Donald Lamont Jack (6 December 1924 – 2 June 2003) was an English and Canadian novelist and playwright.

==Life==
Jack was born in Radcliffe, Bury, England and grew up in Britain, attending the well regarded Bury Grammar School and Marr College and later serving in the RAF in World War II (1943–47).

After the war he emigrated to Canada in 1951, and became a Canadian citizen in 1964. From 1955 to 1957 he was a scriptwriter for Crawley Films. After 1957 he became a full-time freelance writer.

He wrote for the stage, radio, and for television programs such as General Motors Theatre, The Unforeseen, Playdate, Hatch's Mill, The Forest Rangers, and On Camera, but he is most famous for his novels, the Bandy Papers, which recount the humorous adventures of Bartholomew Bandy, a World War I fighter pilot. His play The Canvas Barricade was the first Canadian play produced at the Stratford Festival of Canada. Other stage plays included Exit Muttering, Crash, and Minuet for Brass Band. He had 39 TV plays produced, 22 radio plays, and numerous documentaries. Most of Jack's book-length works are being re-published, or published for the first time, by Sybertooth.

Jack died of a stroke at his home in Warwickshire, England in June 2003.

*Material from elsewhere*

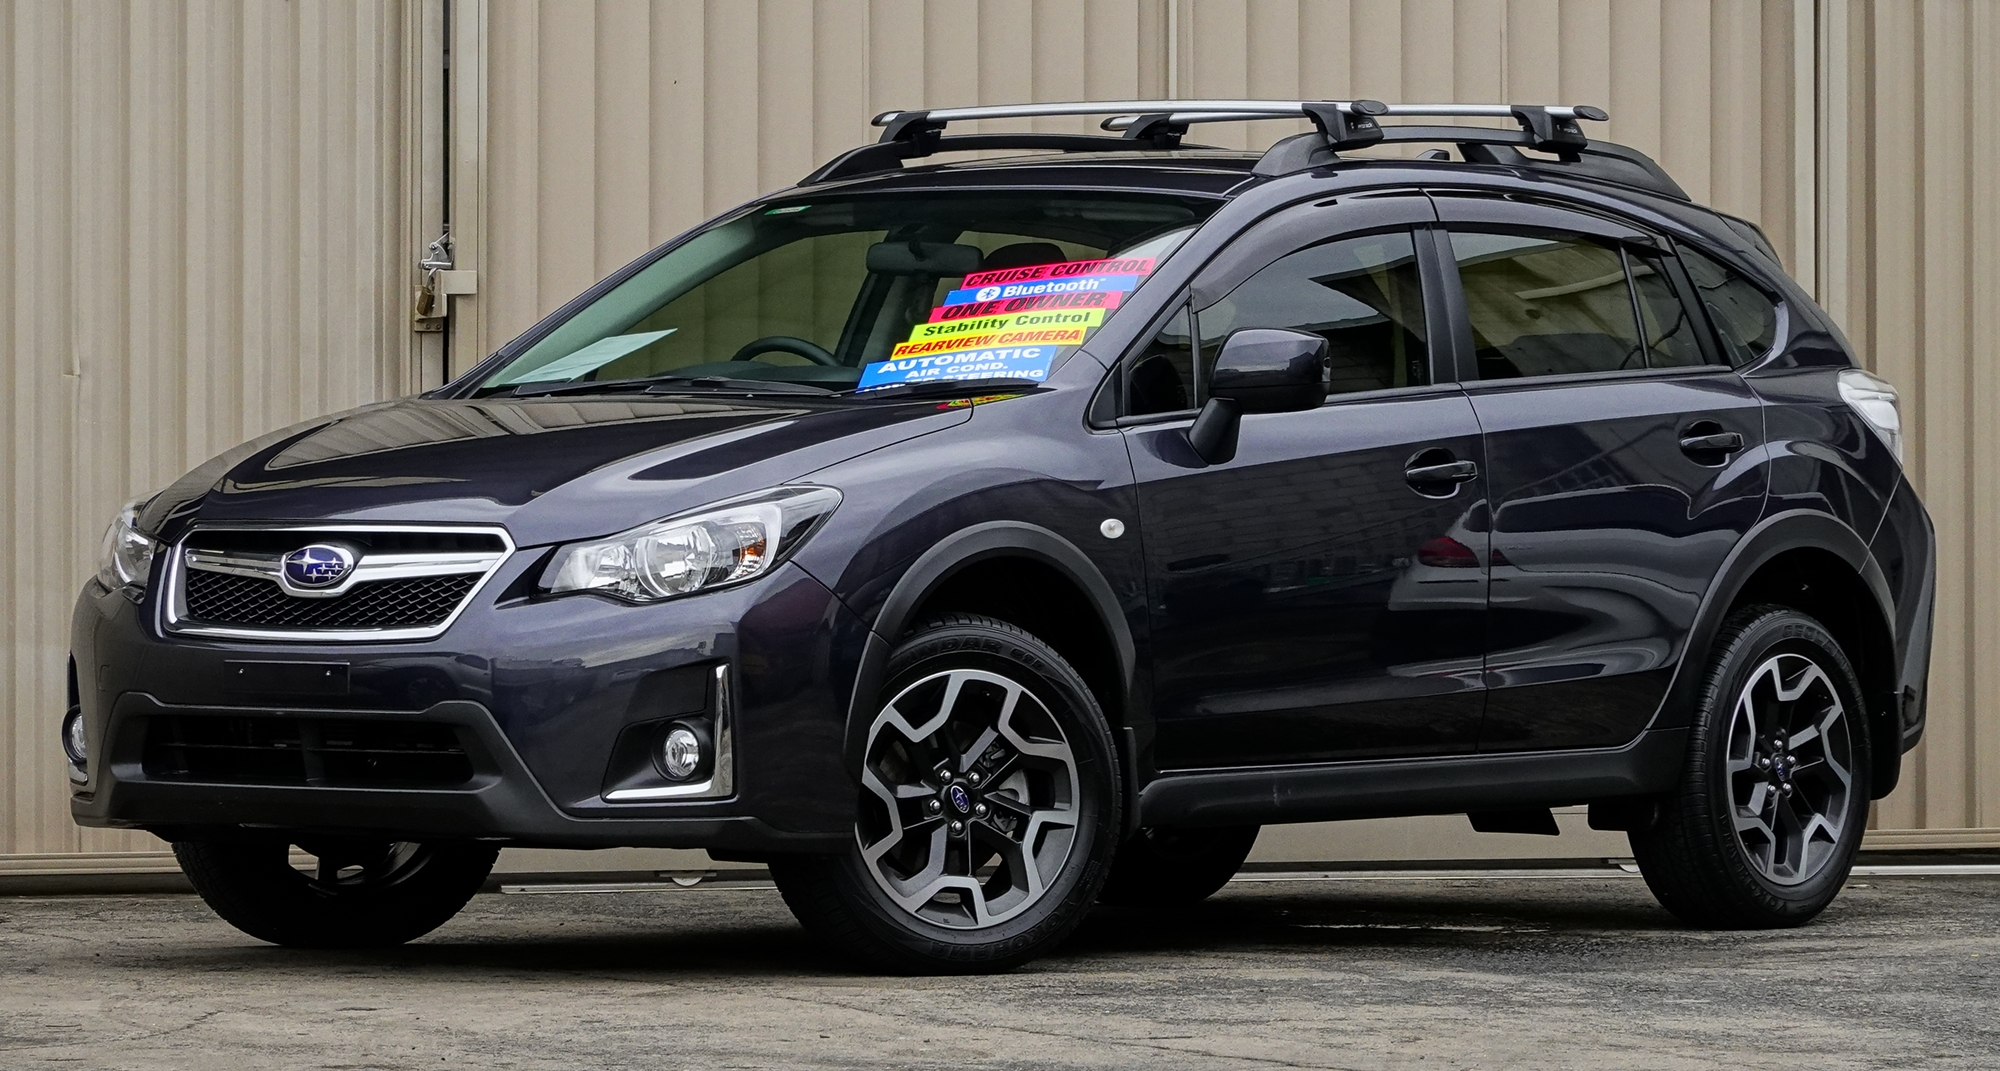 https://jontomcarsales.dealercms.jcs.com.au/vehicle/2015-toyota-yaris-5dhatchback-sx-ncp131rmy15-192305#

== The Bandy Papers series ==

- Three Cheers for Me – 1962 (Winner of the 1963 Stephen Leacock Award)
- Three Cheers for Me (revised & expanded edition) – 1973
- That's Me in the Middle – 1973 (Winner of the 1974 Stephen Leacock Award)
- It's Me Again - 1975 (Also published as two volumes, It's Me Again & Me Among the Ruins)
- Me Bandy, You Cissie - 1979 (Winner of the 1980 Stephen Leacock Award)
- Me Too - 1983
- This One's on Me - 1987
- Me So Far – 1989
- Hitler Versus Me: The Return of Bartholomew Bandy – 1996
- Stalin Versus Me – 2005
- Hitler Versus Me paperback combining H vs M with the author's novelette, "Where Did Rafe Madison Go?" – 2006
- Me Bandy, You Cissie paperback combining the novel with the author's radio play Banner's Headline – 2009
- Three Cheers for Me 50th anniversary edition of the original 1962 version, with a foreword by Paul Marlowe – 2011

== Other published works ==
- Exit Muttering – 1972
- Sinc, Betty and the Morning Man – 1977 (non-fiction)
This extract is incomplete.